• What to work on: A faithful copy of all the data is required; pictures should not be included.

• Dataset excerpt:
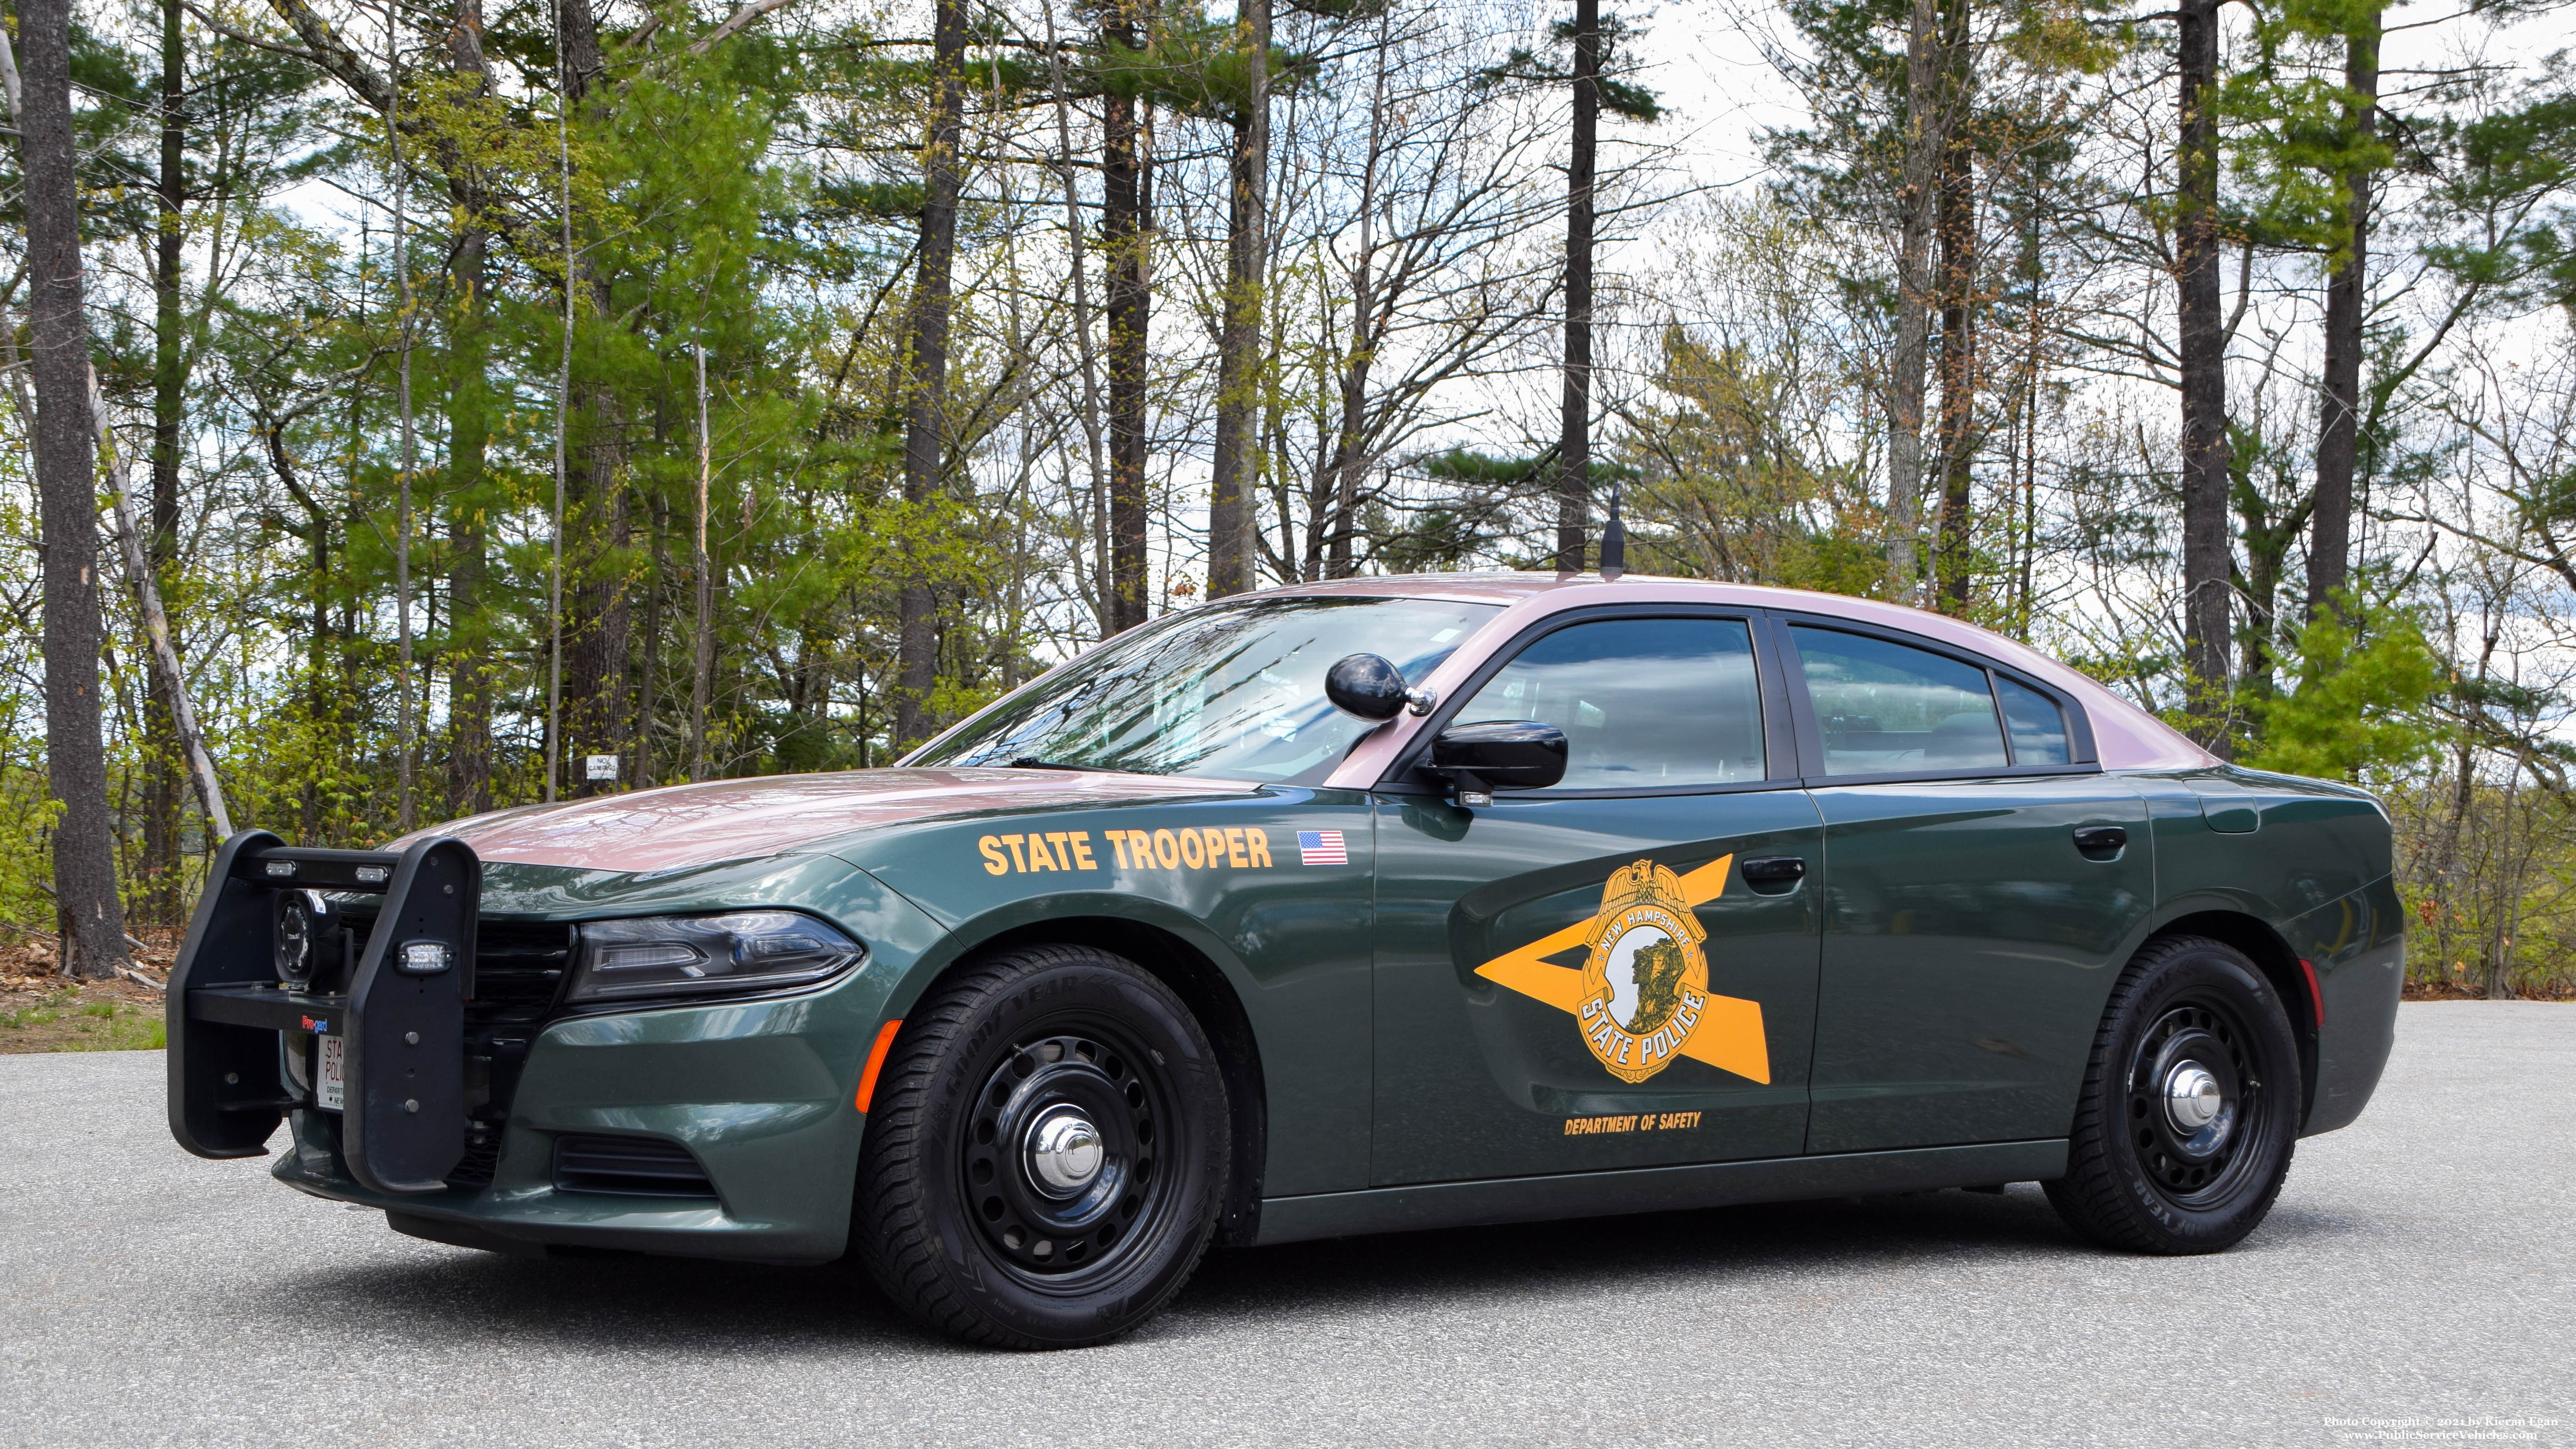 A photo  of New Hampshire State Police
            Cruiser 402, a 2015-2019 Dodge Charger             taken by Kieran Egan
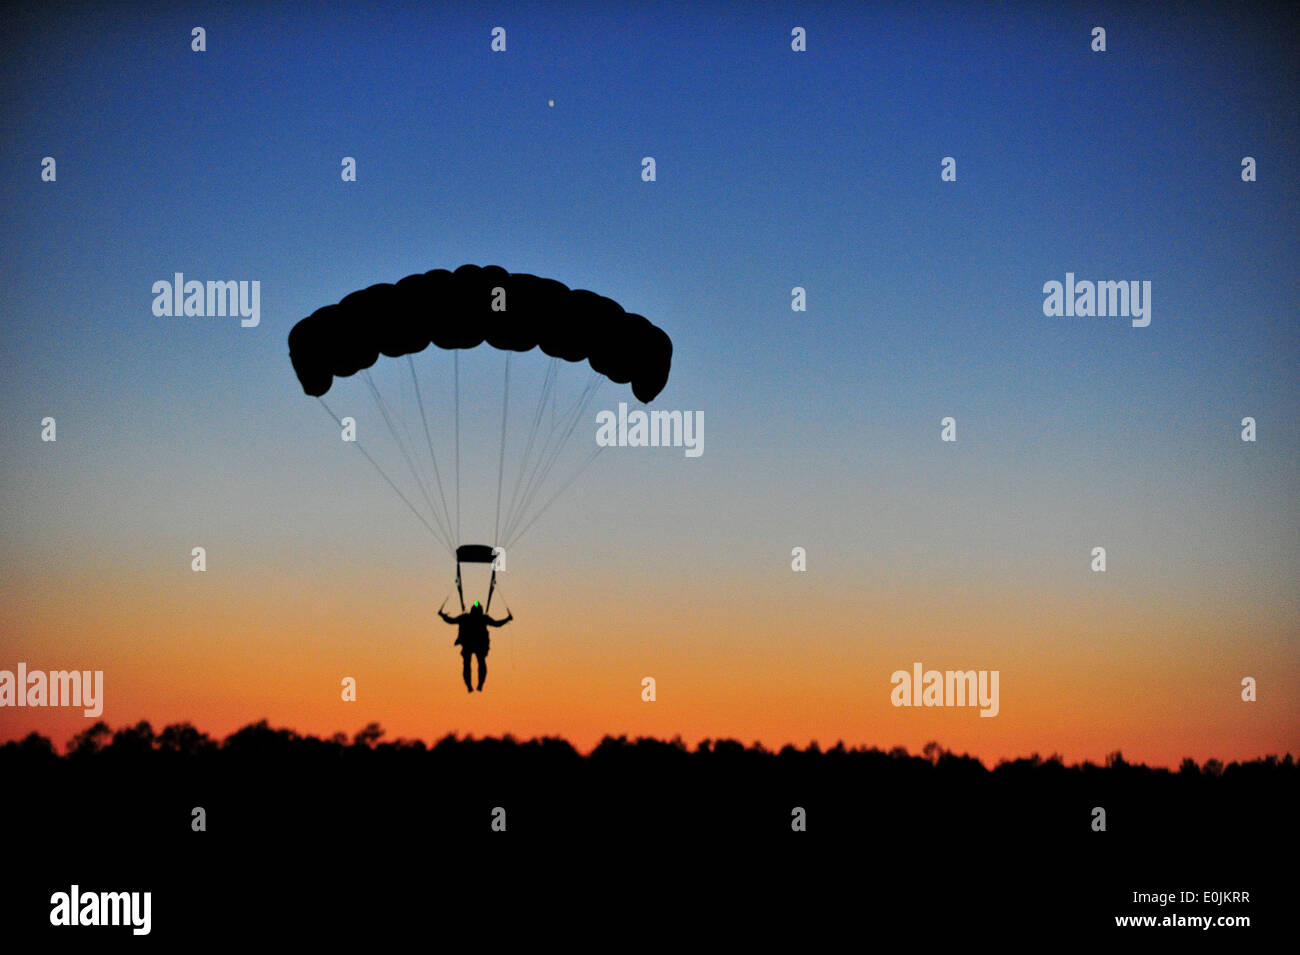 A U.S. Army Special Forces soldier practices a high altitude low opening (H.A.L.O.) jumps during Emerald Warrior 2012, Hurlbur Stock Photo

• Solution to this problem:
 A photo  of New Hampshire State Police
            Cruiser 402, a 2015-2019 Dodge Charger             taken by Kieran Egan
 A U.S. Army Special Forces soldier practices a high altitude low opening (H.A.L.O.) jumps during Emerald Warrior 2012, Hurlbur Stock Photo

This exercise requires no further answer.